SDK Dev Guide

Tap Development Overview

Create taps with the SDK requires overriding just two or three classes:

  1. The Tap class. This class governs configuration, validation, and stream discovery.

  2. The stream class. You have different options for your base class depending on the type of data source you are working with:

    • Stream - The generic base class for streams.

    • RESTStream - The base class for REST-type streams.

    • GraphQLStream - The base class for GraphQL-type streams. This class inherits from RESTStream, since GraphQL is built upon REST.

  3. An optional authenticator class. You can omit this class entirely if you do not require authentication or if you prefer to write custom authentication logic. The supported authenticator classes are:

    • SimpleAuthenticator - This class is functionally equivalent to overriding http_headers property in the stream class.

    • OAuthAuthenticator - This class performs an OAuth 2.0 authentication flow.

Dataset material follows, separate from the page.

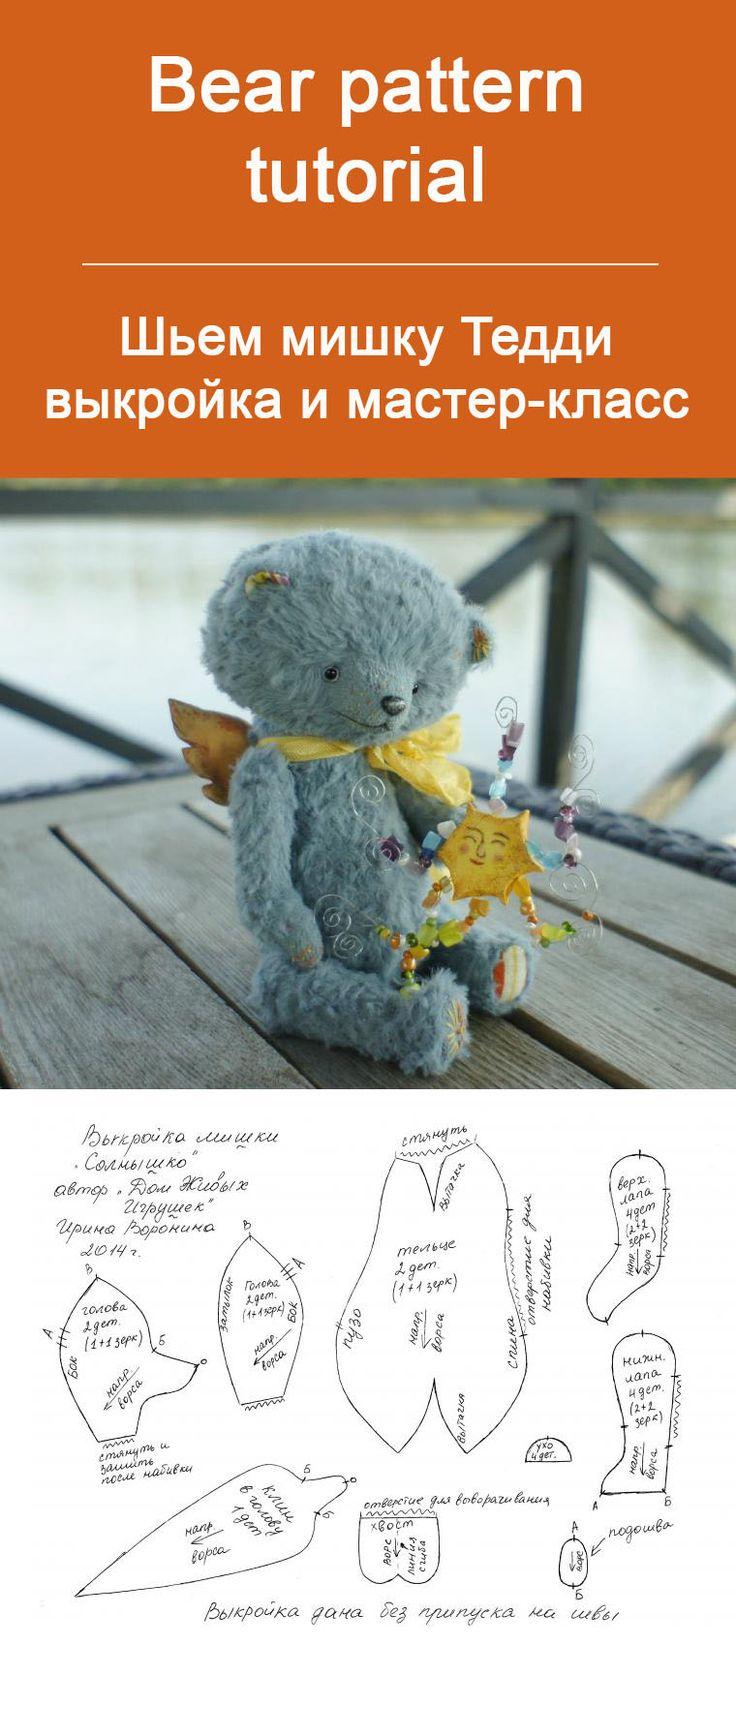 Мишка Тедди - выкройка и мастер-класс / Teddy-bear pattern tutorial #teddy #toy…
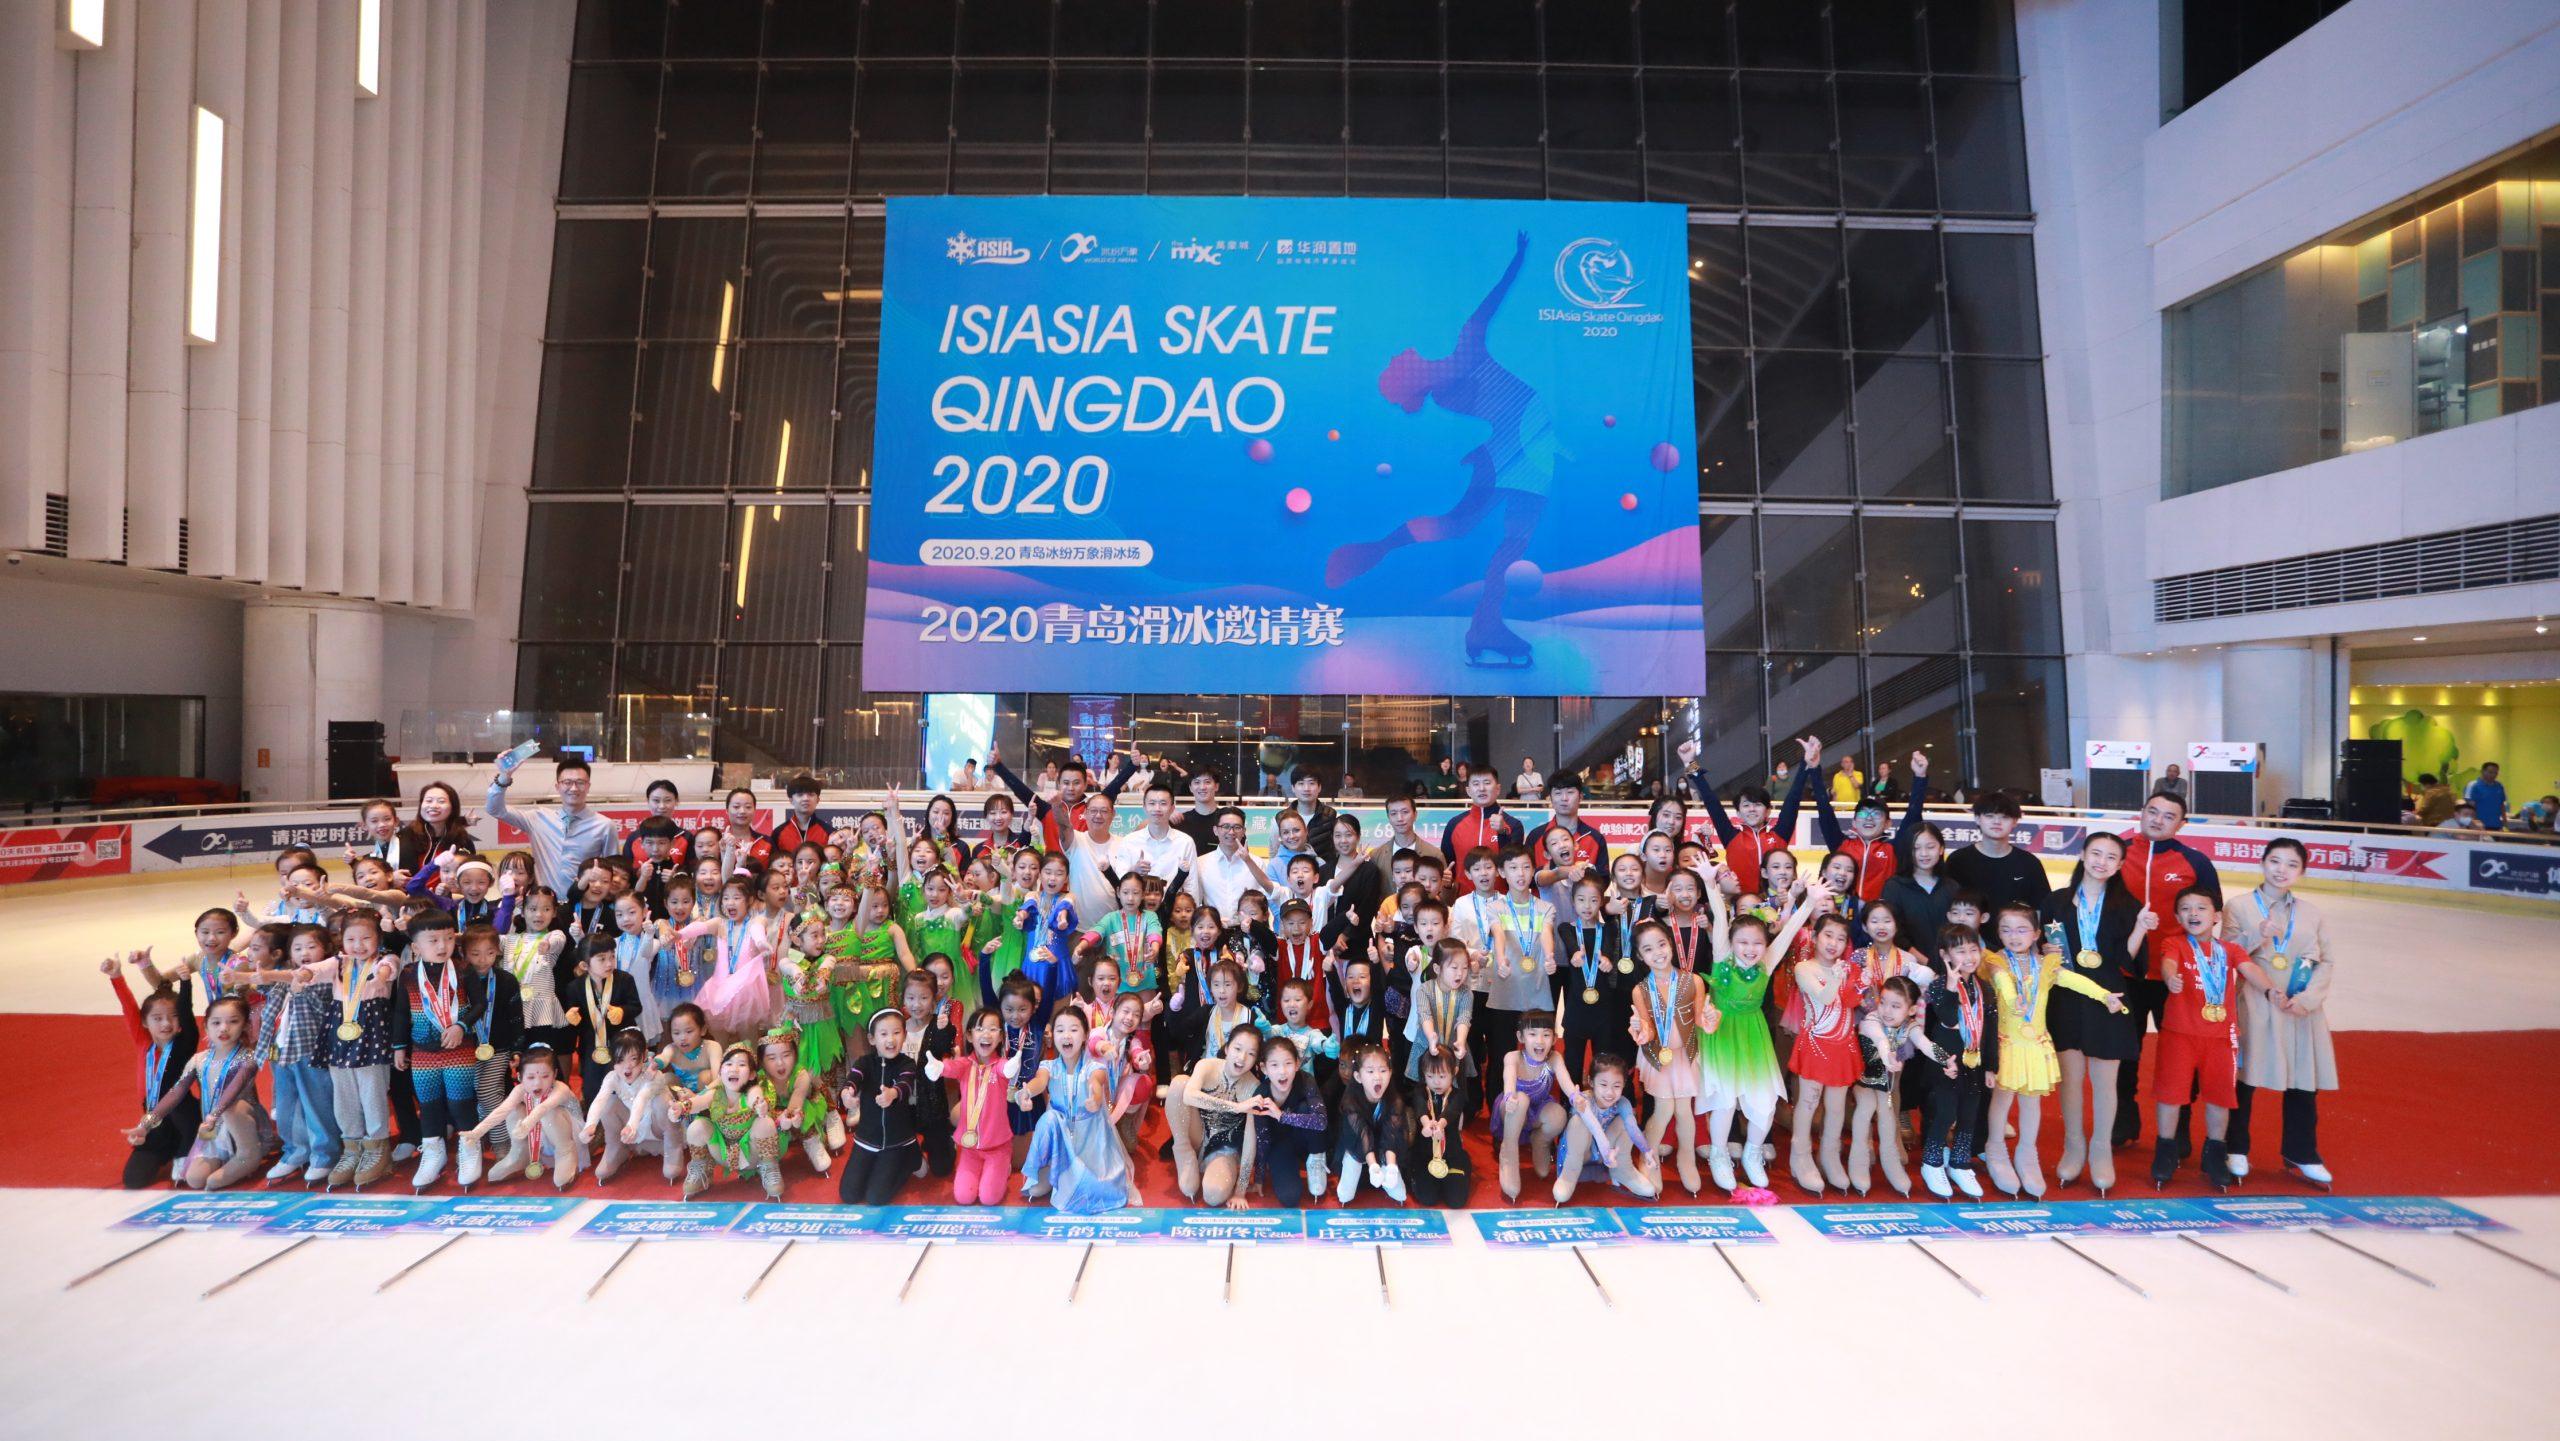 ISIAsia Skate Qingdao 2020

    • OAuthJWTAuthenticator - This class performs an JWT (JSON Web Token) authentication flow.

Target Development Overview

Create targets with the SDK requires overriding just two classes:

  1. The Target class. This class governs configuration, validation, and stream discovery.

  2. The Sink class. You have two different options depending on whether your target prefers writing one record at a time versus writing in batches:

    • RecordSink writes one record at a time, via the process_record() method.

    • BatchSink writes one batch at a time. Important class members include:

      • start_batch() to (optionally) initialize a new batch.

      • process_record() to enqueue a record to be written.

      • process_batch() to write any queued records and cleanup local resources.

Note: The Sink class can receive records from one stream or from many. See the Sink documentation for more information on differences between a target’s Sink class versus a tap’s Stream class.

Building a New Tap or Target

First, install cookiecutter if you haven’t done so already:

# Install pipx if you haven't already
pip3 install pipx
pipx ensurepath
# Restart your terminal here, if needed, to get the updated PATH
pipx install cookiecutter

Now you can initialize your new project with the Cookiecutter template for taps:

cookiecutter https://gitlab.com/meltano/sdk --directory="cookiecutter/tap-template"

…or for targets:

cookiecutter https://gitlab.com/meltano/sdk --directory="cookiecutter/target-template"

Once you’ve answered the cookiecutter prompts, follow the instructions in the generated README.md file to complete your new tap or target. You can also reference the Meltano Tutorial for a more detailed guide.

RESTful JSONPaths

By default, the Singer SDK for REST streams assumes the API responds with a JSON array or records, but you can easily override this behaviour by specifying the records_jsonpath expression in your RESTStream implementation:

class EntityStream(RESTStream):
    """Entity stream from a generic REST API."""
    records_jsonpath = "$.data.records[*]"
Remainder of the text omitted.